_What to work on_: Nothing outside the lines below from the one containing "Lamona Black Granite" through the one containing "A barn interior" is to be printed; print those exactly, ends included, and drop the pictures.

_Source records_:
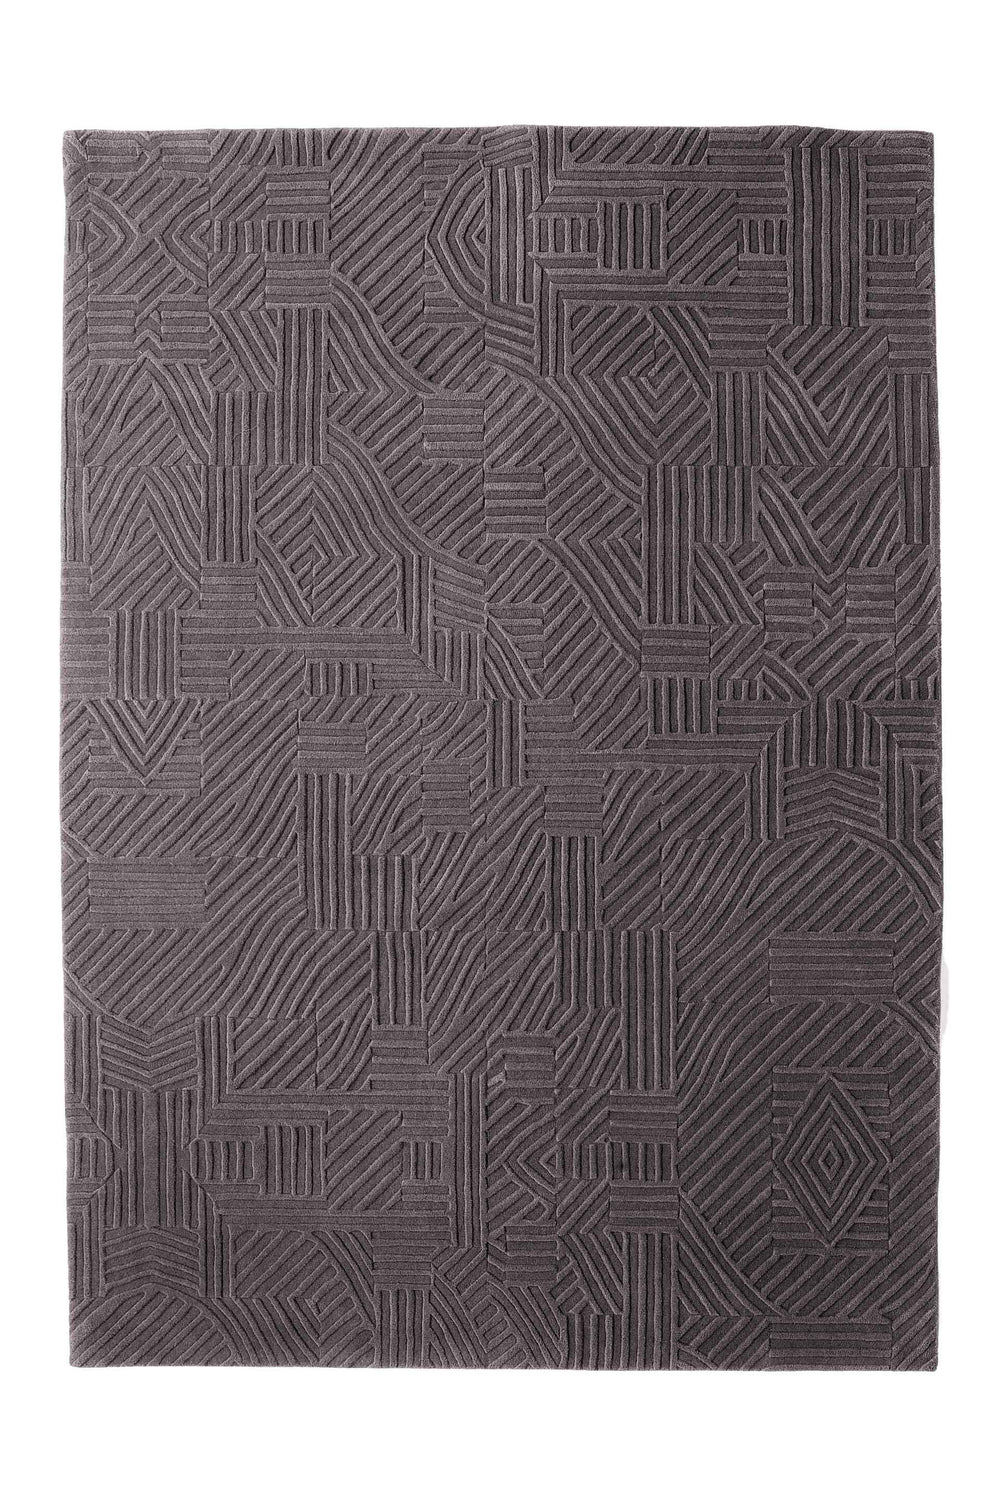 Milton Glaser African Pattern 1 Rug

---

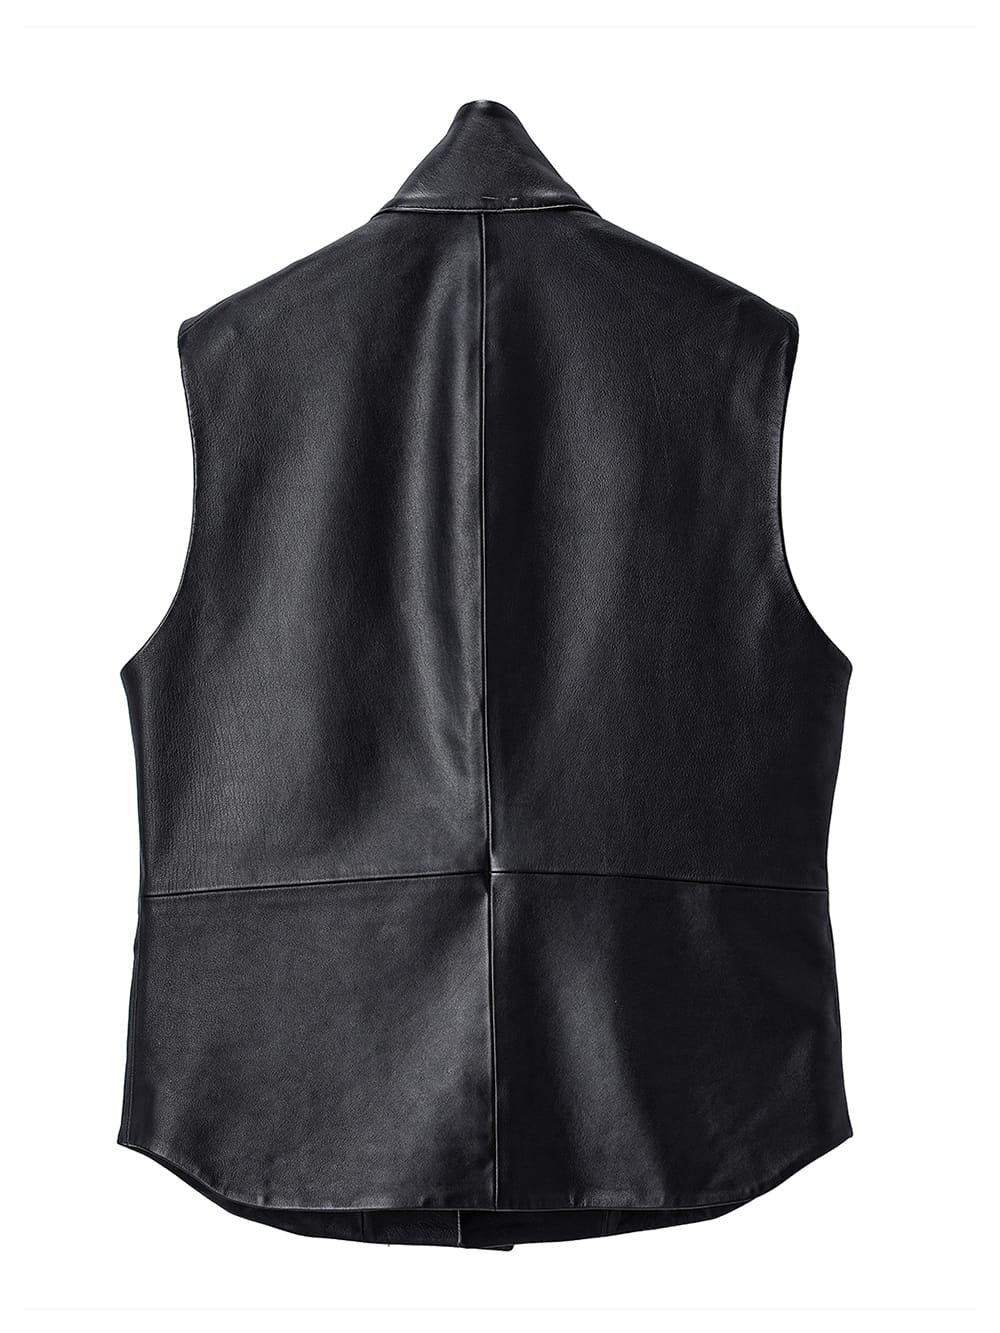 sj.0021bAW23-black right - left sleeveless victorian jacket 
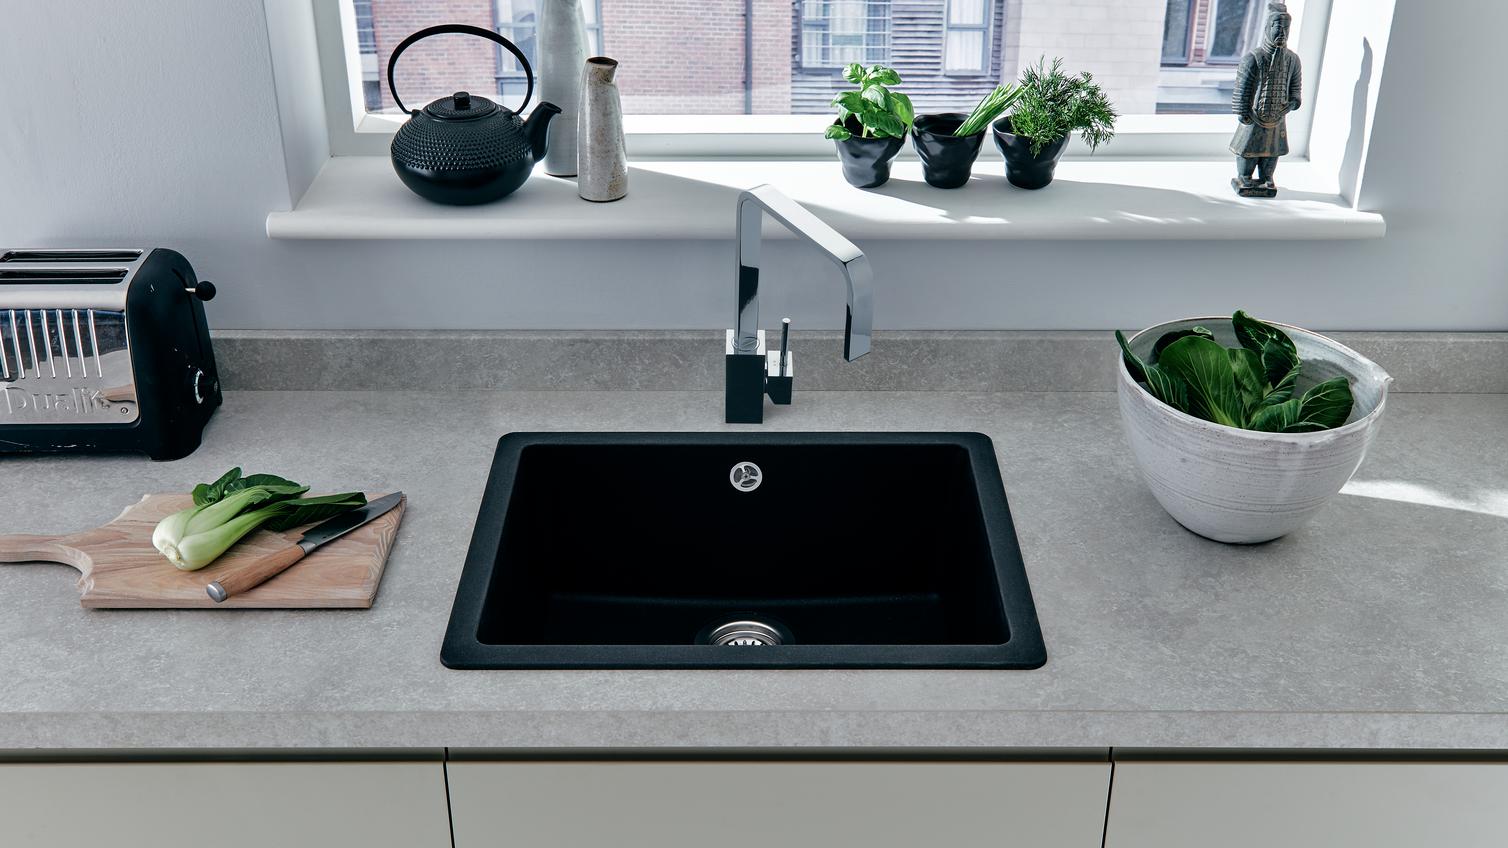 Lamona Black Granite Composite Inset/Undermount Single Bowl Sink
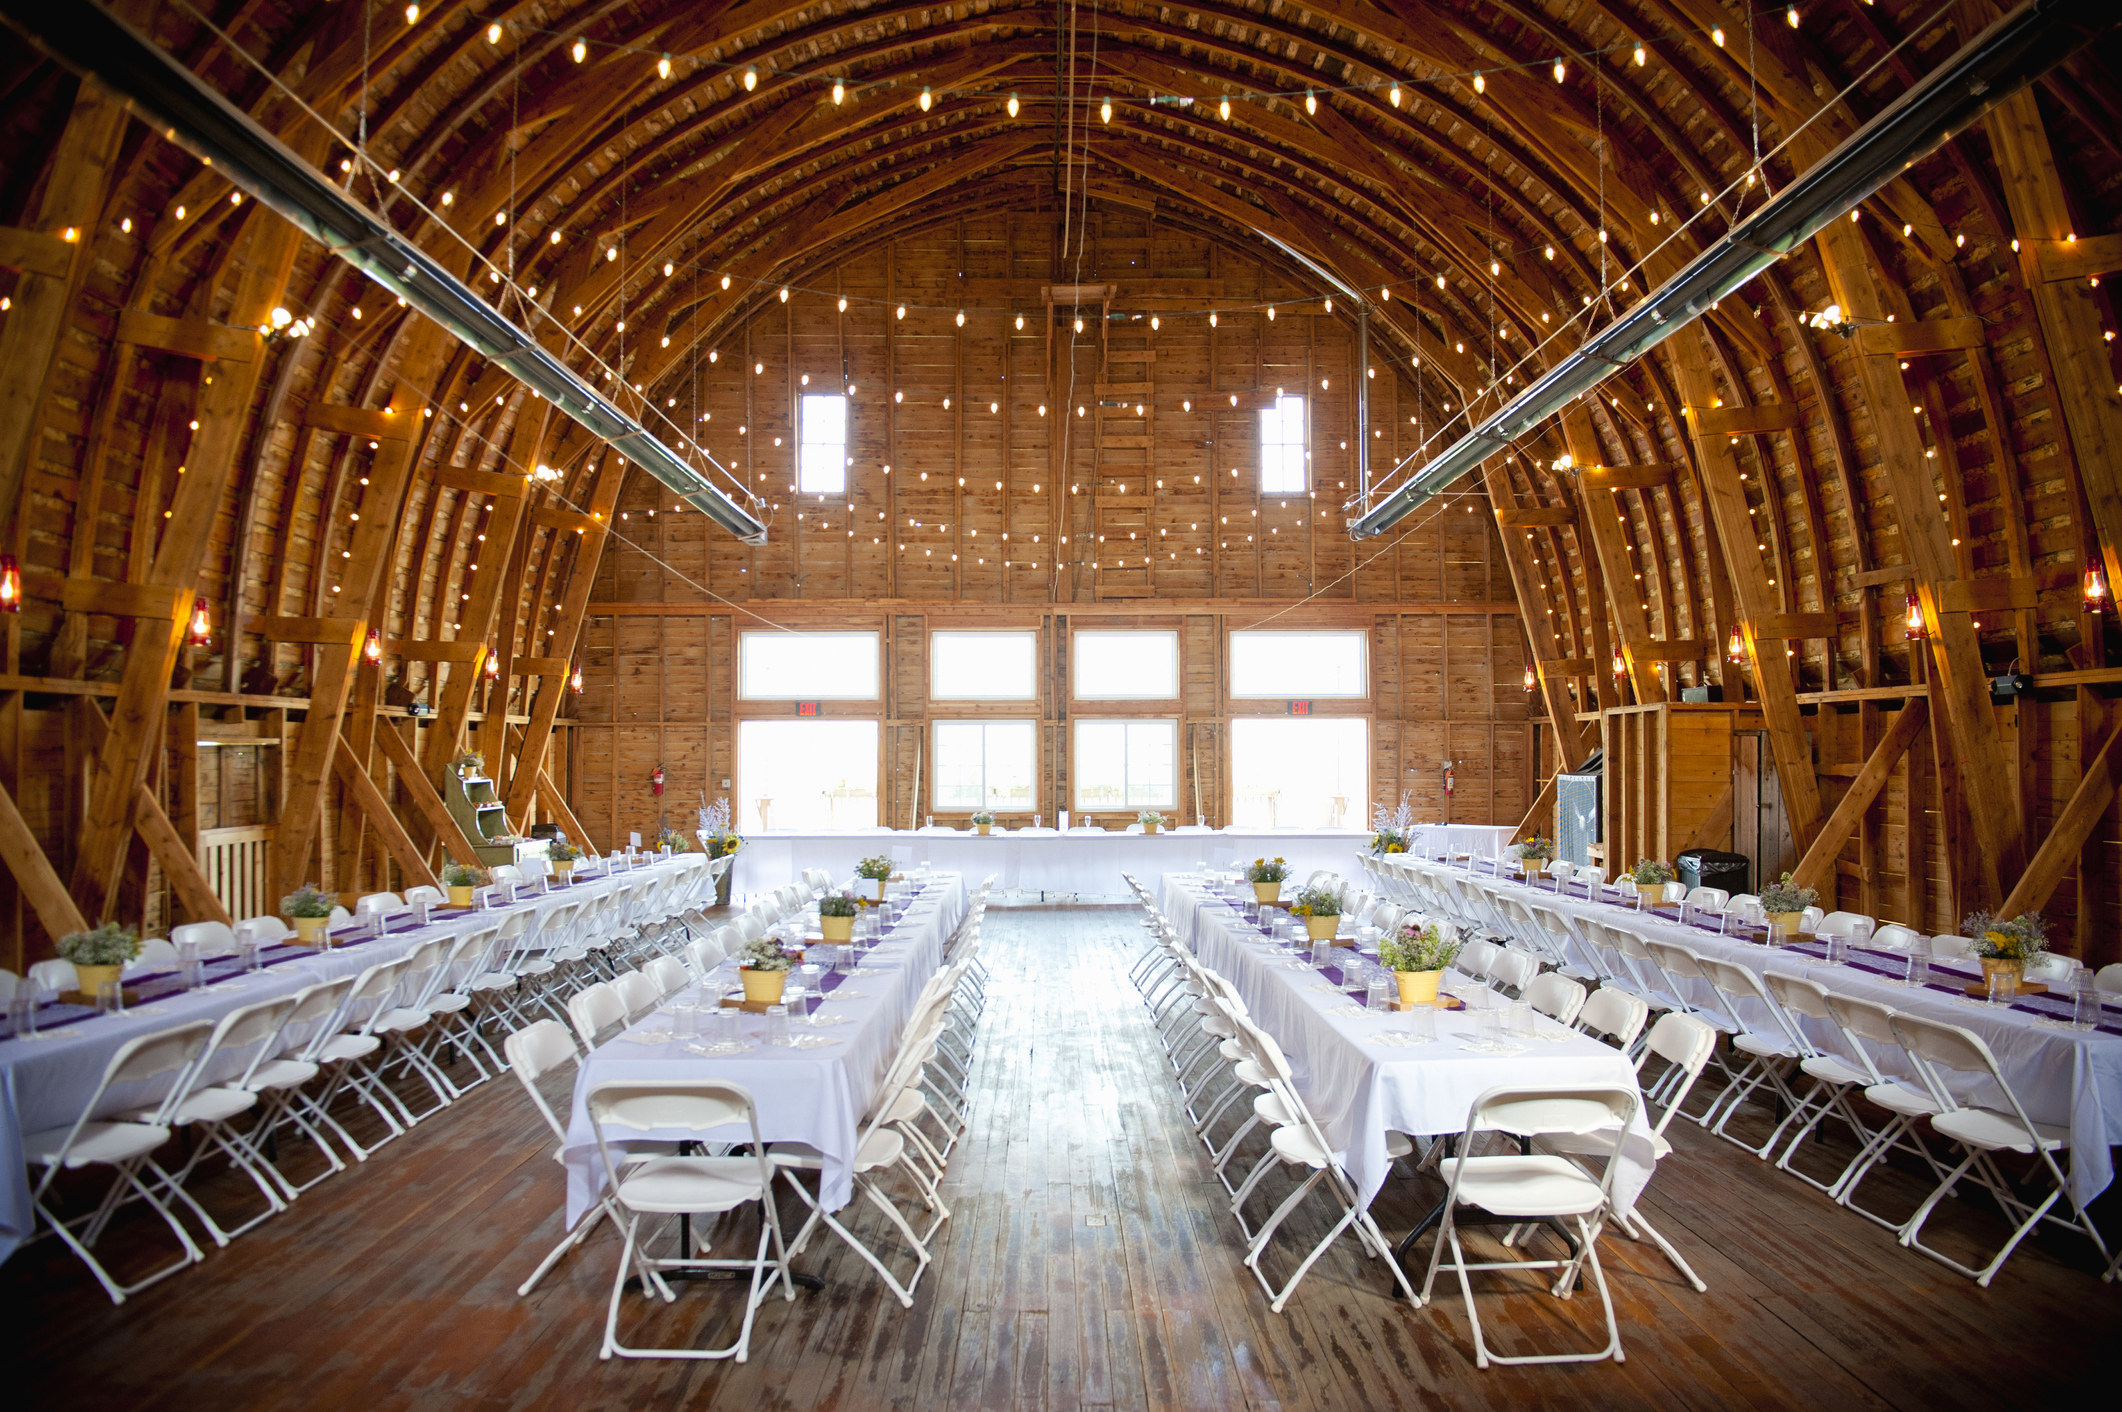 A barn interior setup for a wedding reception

_Your response_:
 Lamona Black Granite Composite Inset/Undermount Single Bowl Sink
 A barn interior setup for a wedding reception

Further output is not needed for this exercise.